First of i'll introduce Kaiser he's the youngest at only 19 months old he's an Irish stafford which is just a name of a breeding between bull terrier and staffy



















Next is Tara she is kaiser's mum, she's 4 years old.


----------



## Guest (Nov 2, 2007)

And finally Lucy a 8 year old yorky x JR



















all together


----------



## Guest (Nov 2, 2007)




----------



## wencar (Nov 2, 2007)

they all look great and look like they having great fun in the sea bless them all


----------



## Guest (Nov 2, 2007)

Nice dogs Tina!


You are going to have to forgive my ignorance, I thought the Irish staff was basically another name for pit bull??


Please feel free to correct me, as i dont mean to offend!


----------



## jo-ann (Nov 2, 2007)

wow a lovely set of dogs


----------



## Guest (Nov 2, 2007)

You have some nice dogs there Tina and great to see some nice big pics! not that I am short sighted or anything ha ha just had to get the magnifier out to see the small ones!


----------



## Vixen (Nov 2, 2007)

very cute dogs


----------



## Guest (Nov 3, 2007)

Irish staff is a term used by breeders for a staffy cross bull terriers - which i think have been breeding together for over 50 years.

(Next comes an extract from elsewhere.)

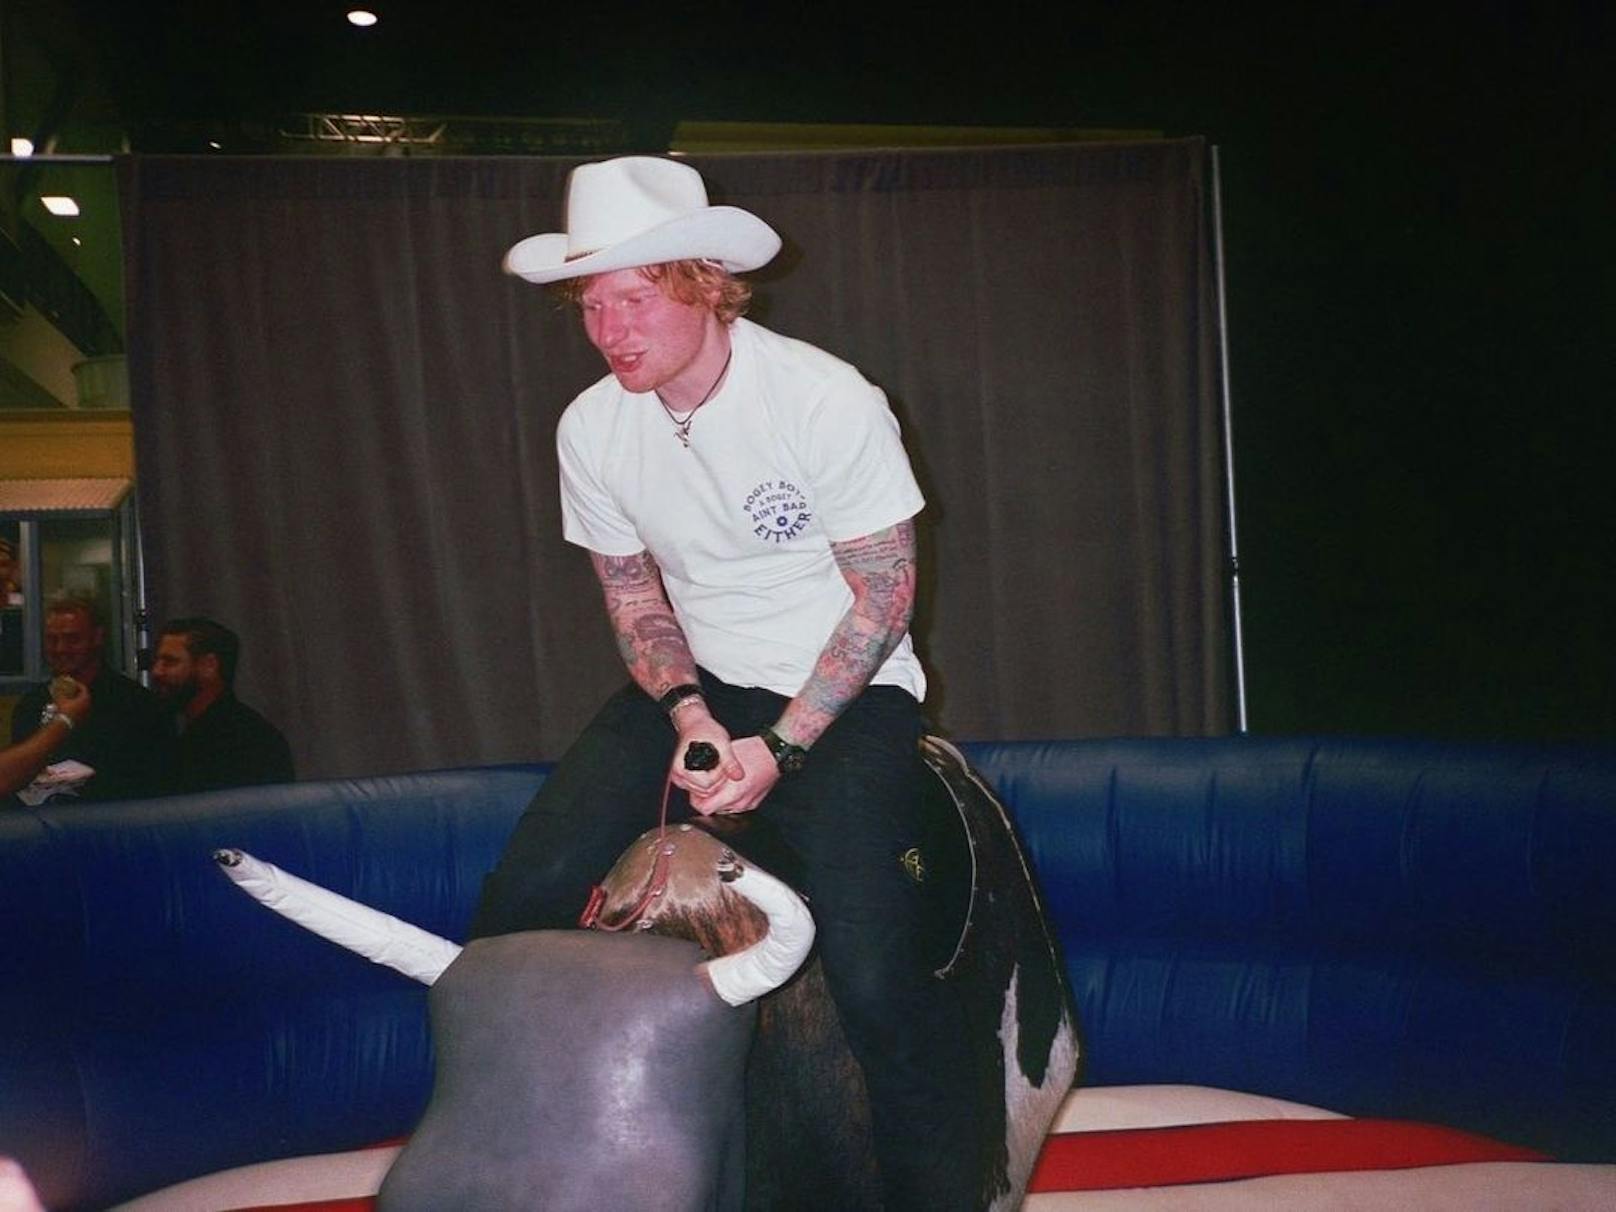 Ed Sheeran versucht sich im "Bull-Riding", ob ihm der Cowboyhut dabei hilft? Cool sieht es zumindest aus!
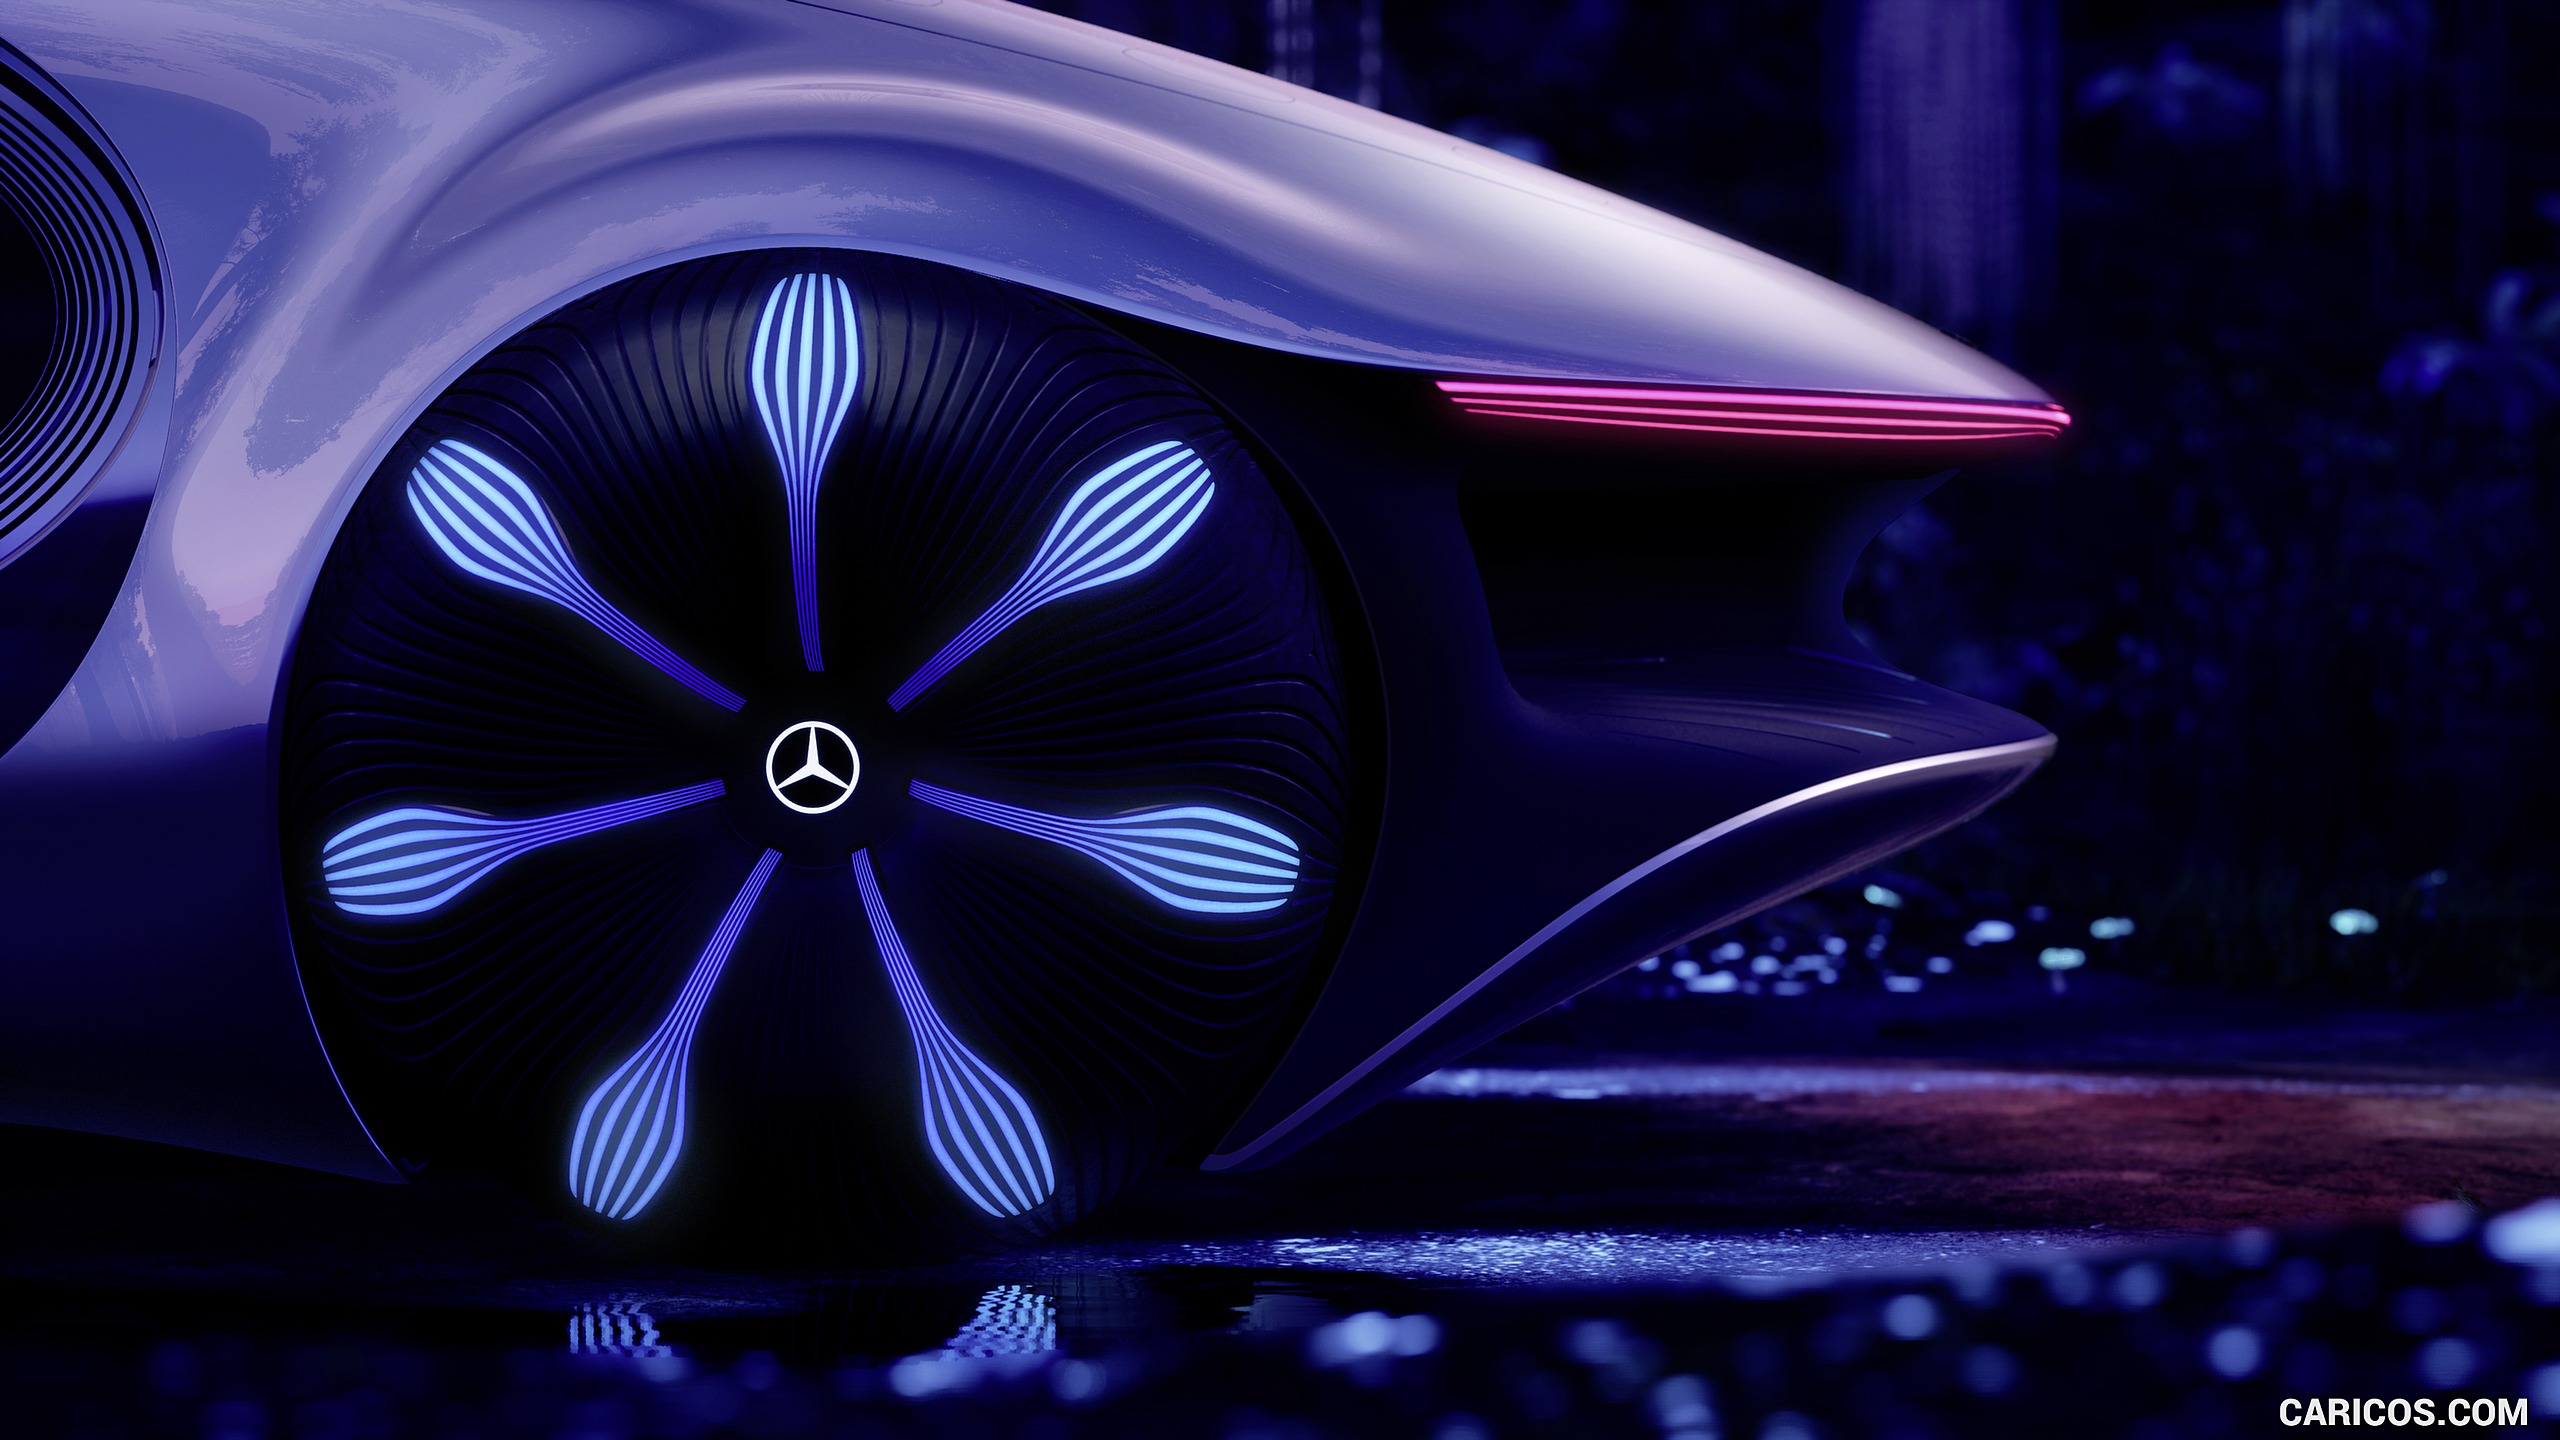 2020 Mercedes-Benz VISION AVTR Concept - Wheel, #26 of 60

Thanks for the great comments


----------



## Guest (Nov 3, 2007)

jace said:


> i believe if pitbull was brought up from pup with proper love and affection and a firm hand they would be no more trouble than a stafford, idiots who put them in "pits" to kill each other deserve a lot more than six moths in jail sorry for rant but hate the idea of my dogs getting hurt and dont see why any dog sould either


I totally agree with you, only bad ownership makes a bad pet




Tina said:


> Irish staff is a term used by breeders for a staffy cross bull terriers - which i think have been breeding together for over 50 years.
> Thanks for the great comments


Thanks!


----------



## Guest (Nov 3, 2007)

No problem


----------